Q3 2021 Earnings Conference Call

11/2/2021

spk04: Good afternoon, everyone, and welcome to Global Industrials' third quarter 2021 earnings conference call. All participants will be in a listen-only mode. Should you need assistance, please signal a conference specialist by pressing the star key followed by zero. After today's presentation, there will be an opportunity to ask questions. To ask a question, you may press star and then one. Please also note today's event is being recorded. At this time, I'd like to turn the conference call over to Mike Smargiasi, Investor Relations. Sir, please go ahead.

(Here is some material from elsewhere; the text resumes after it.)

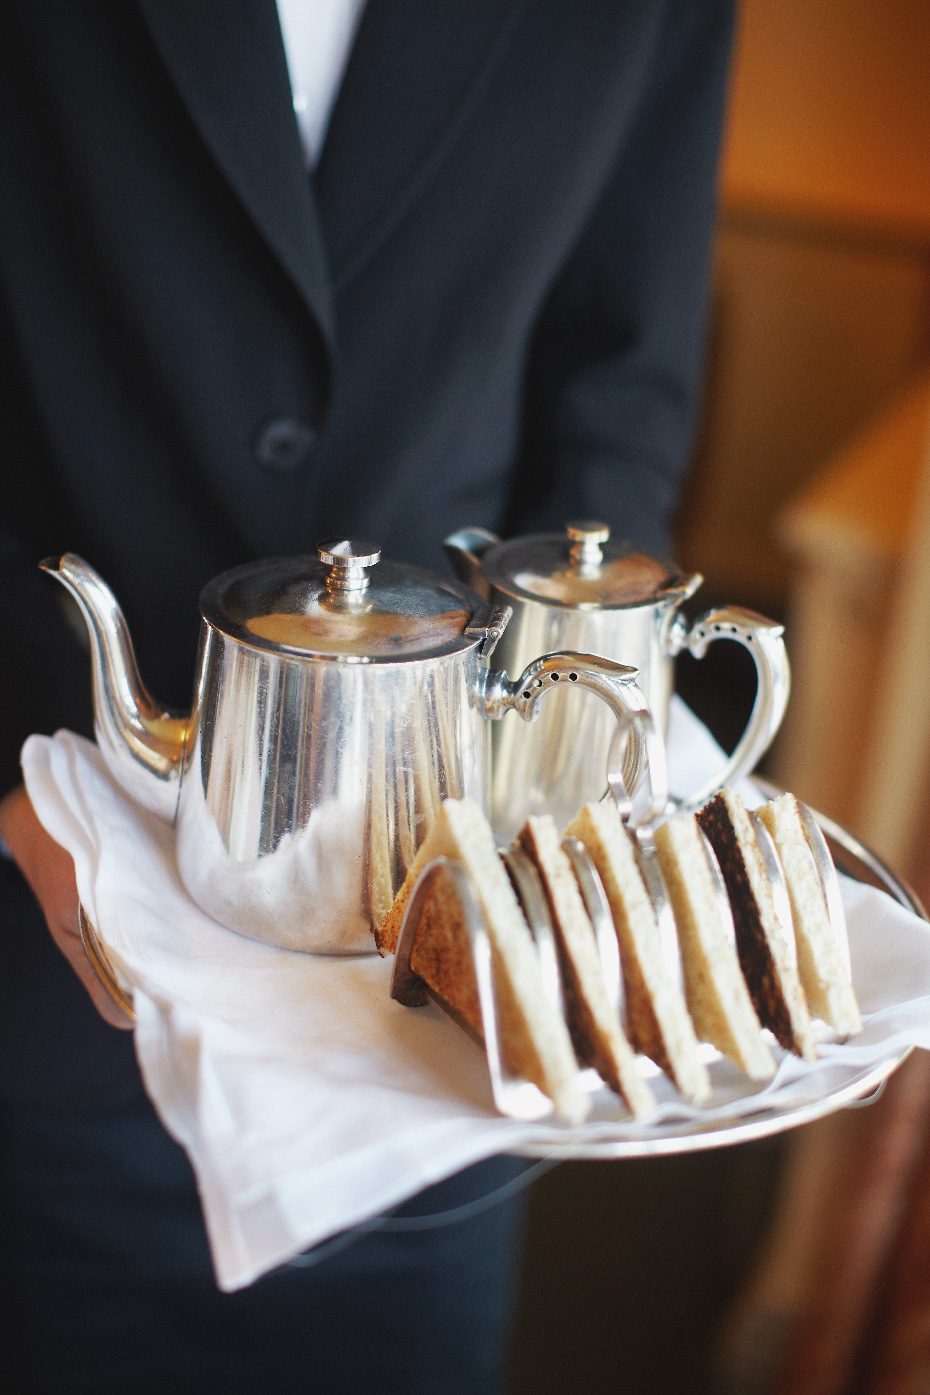 Stacey Van Berkel Photography I Elegant Tea + Toast served for breakfast at Bodyskallen Hall & Spa I Wales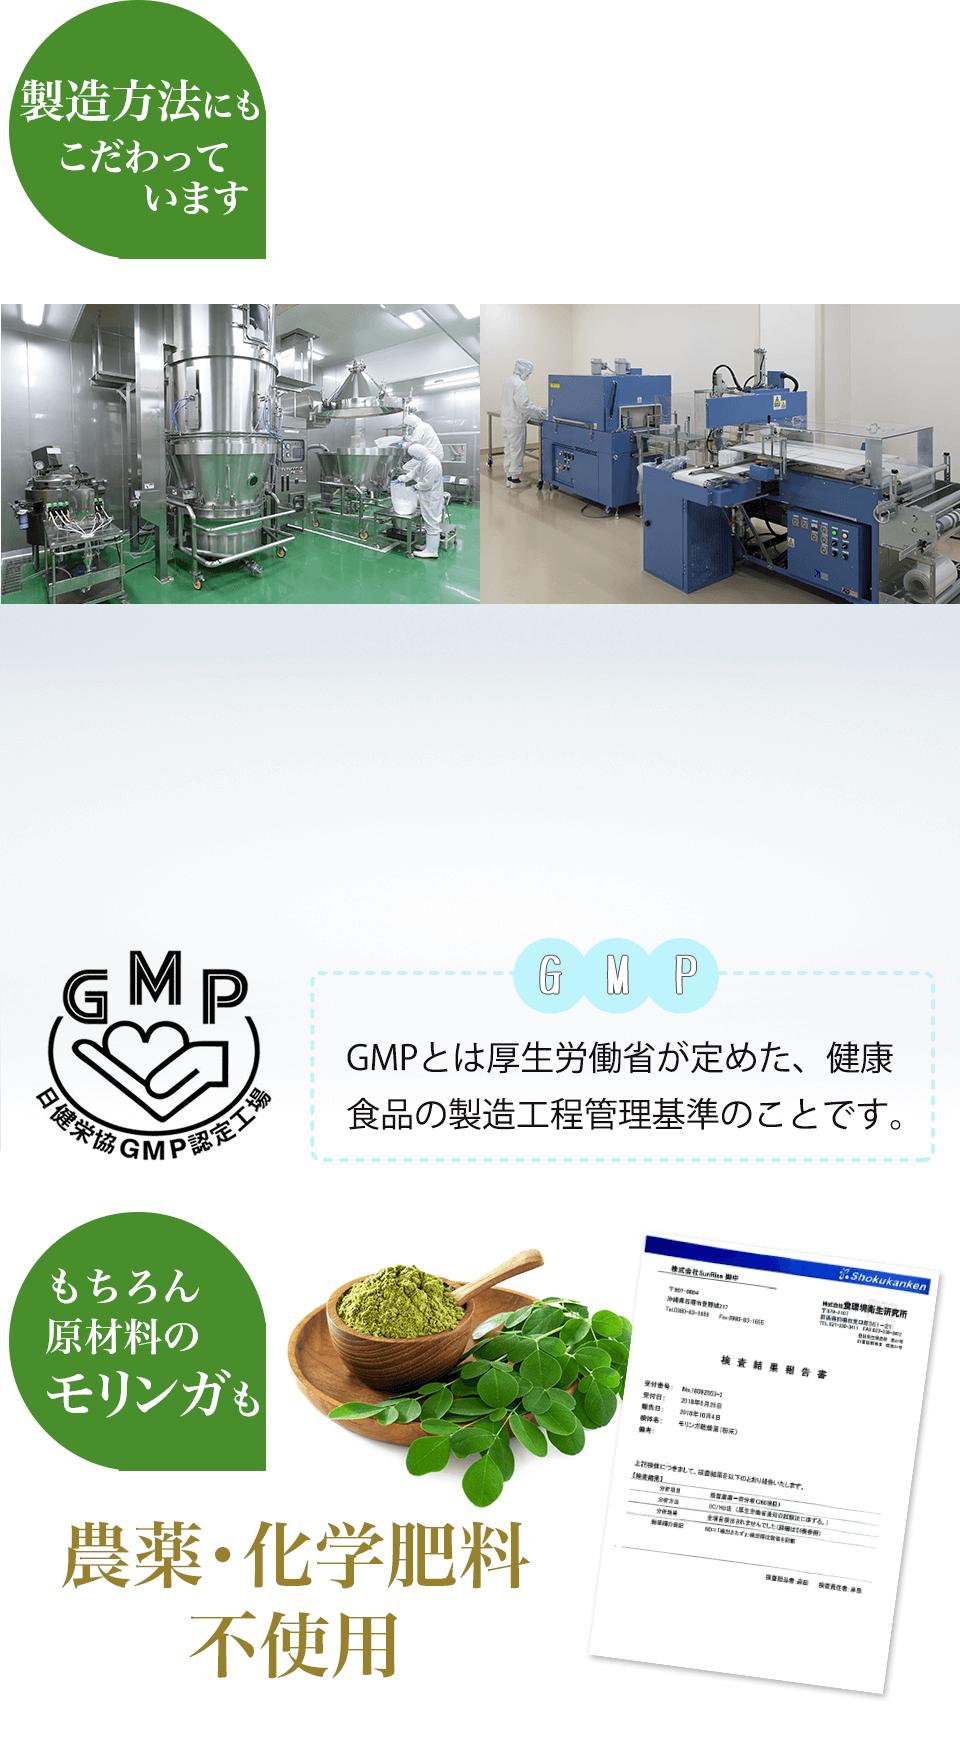 GMP認証取得認証工場で品質管理を徹底され製造

spk00: Thank you, and welcome to the Global Industrial Third Quarter 2021 Earnings Call. Leading today's call will be Barry Litwin, Chief Executive Officer, and Tex Clark, Senior Vice President and Chief Financial Officer. Formal remarks will be followed by a question and answer session. Today's discussion may include certain forward-looking statements. It should be understood that actual results could differ materially from those projected due to a number of factors, including those described under the forward-looking statements caption and under risk factors in the company's annual report on Form 10-K and quarterly reports on Form 10-Q. The press release is available on the company's website and has been filed with the SEC in a Form 8-K. This call is the property of and is copyrighted by Global Industrial Company. I will now turn the call over to Barry Litwin.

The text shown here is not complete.